155edo is closely related to 31edo, but the patent vals differ on the mapping for 3. The equal temperament tempers out 15625/15552 (kleisma) and [42 -25 -1⟩ in the 5-limit; 245/243, 3136/3125, and 823543/819200 in the 7-limit, supporting clyde. Using the patent val, it tempers out 385/384, 896/891, 1331/1323, and 3773/3750 in the 11-limit; 196/195, 325/324, 625/624, and 1001/1000 in the 13-limit.
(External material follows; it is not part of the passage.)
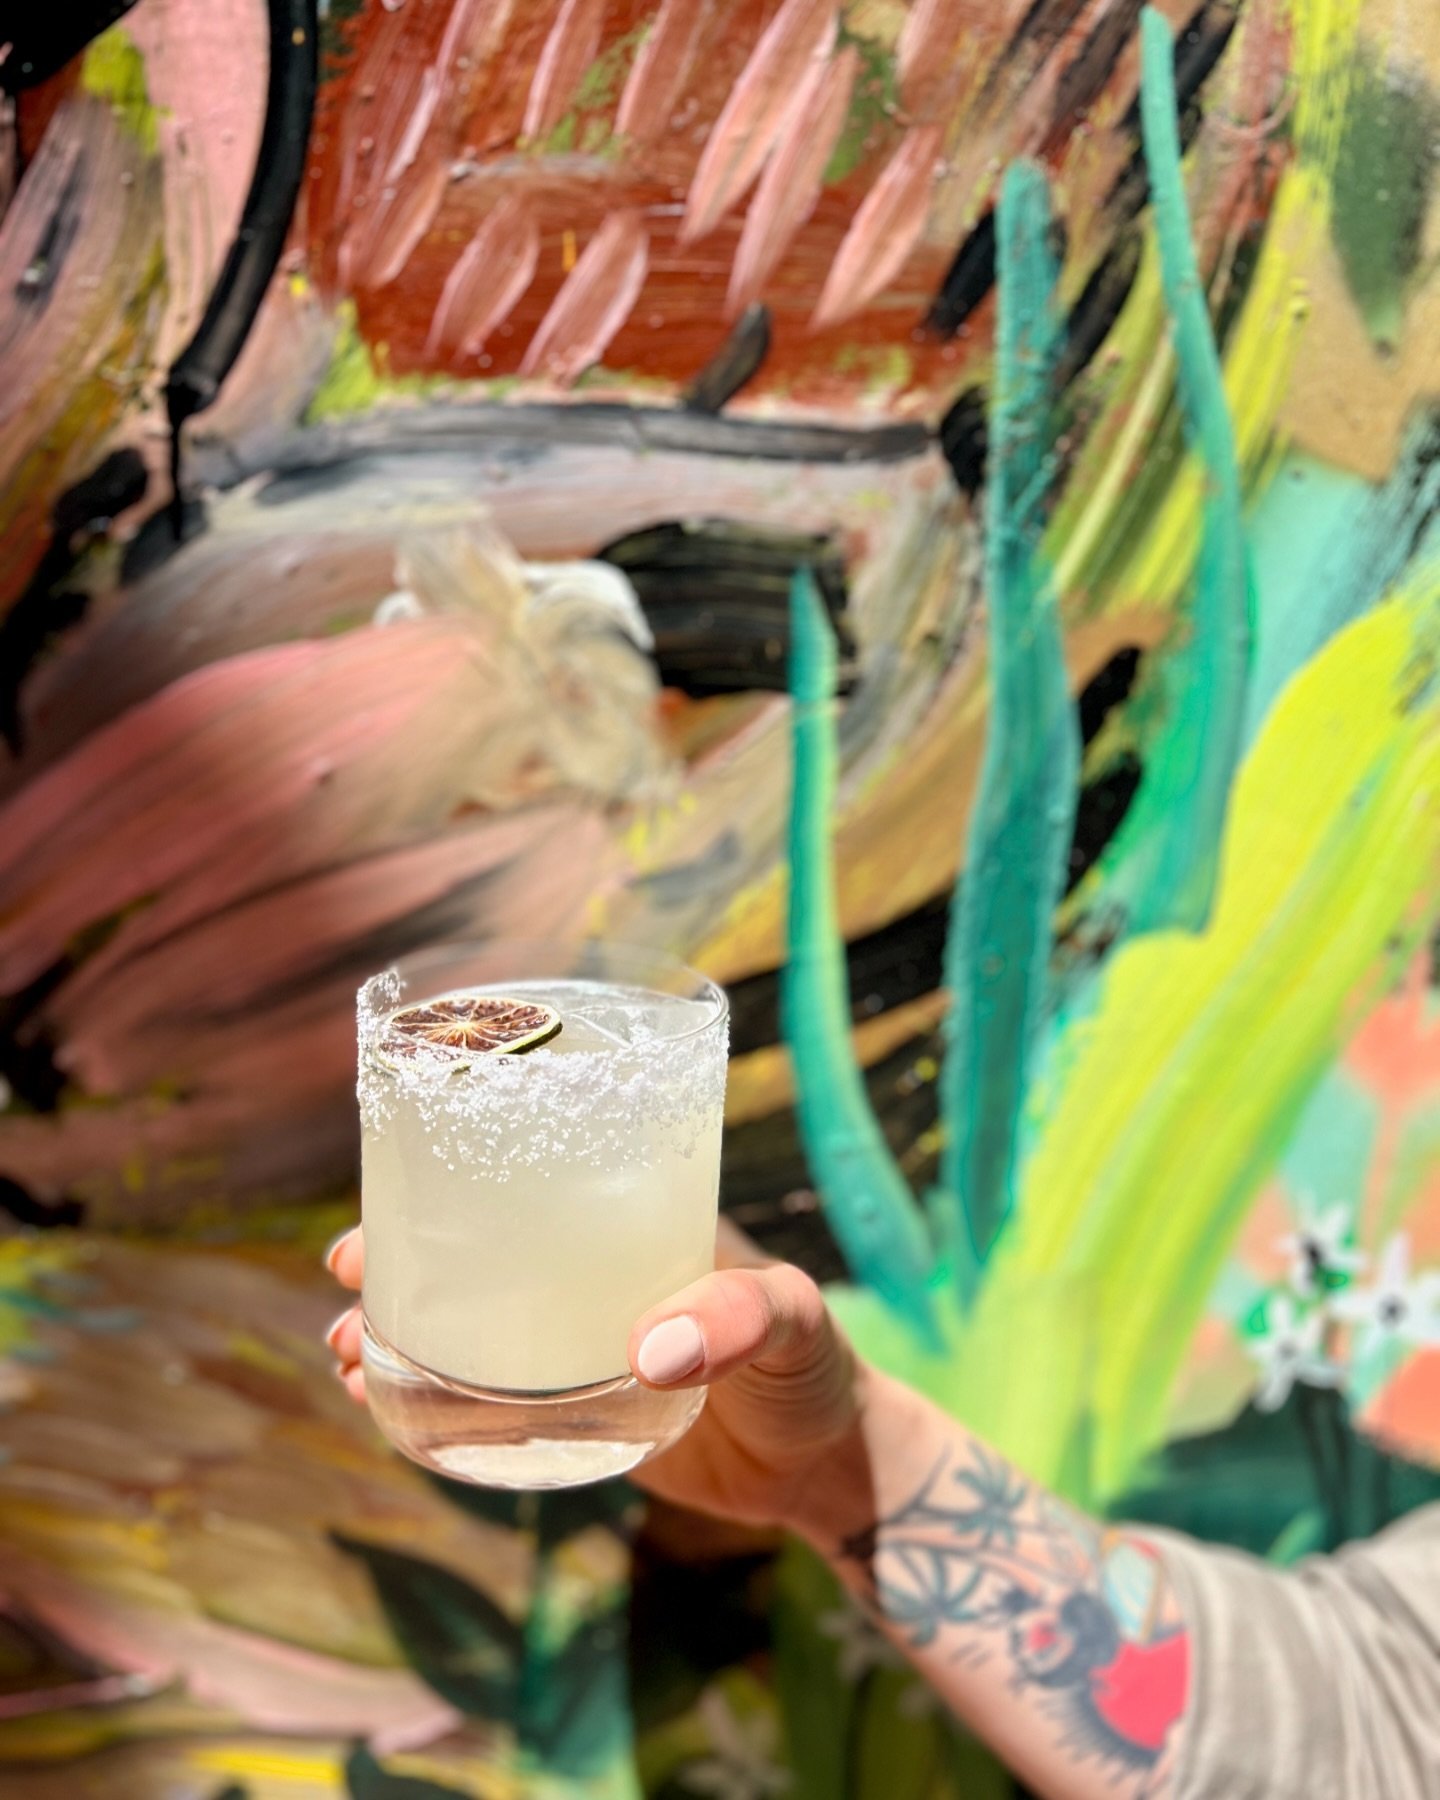 Happy weekend, friends! Grab a seat at the bar this Sunday for a $8 margaritas. Now the only question is spicy or not spicy?🍹

#cocktailbar #visitsonoma #healdsburgca #winecountry #weekendplans #sfbayarea #veganeats #margaritatime

155edo is additionally notable for having an extremely precise (about 0.0006 cents sharp) approximation of 15/13, being the denominator of a convergent to its logarithm, the last one before 8743edo, having 28-strong telicity for this interval.
Odd harmonics
| Harmonic | 3 | 5 | 7 | 9 | 11 | 13 | 15 | 17 | 19 | 21 | 23 | |
|---|---|---|---|---|---|---|---|---|---|---|---|---|
| Error | Absolute (¢) | +2.56 | +0.78 | -1.08 | -2.62 | -1.64 | +3.34 | +3.34 | +3.43 | -3.32 | +1.48 | -1.18 |
| Relative (%) | +33.1 | +10.1 | -14.0 | -33.8 | -21.2 | +43.2 | +43.2 | +44.3 | -42.9 | +19.1 | -15.2 | |
| Steps (reduced) |
246 (91) |
360 (50) |
435 (125) |
491 (26) |
536 (71) |
574 (109) |
606 (141) |
634 (14) |
658 (38) |
681 (61) |
701 (81) | |
Subsets and supersets
Since 155 factors into 5 × 31, 155edo contains 5edo and 31edo as subsets.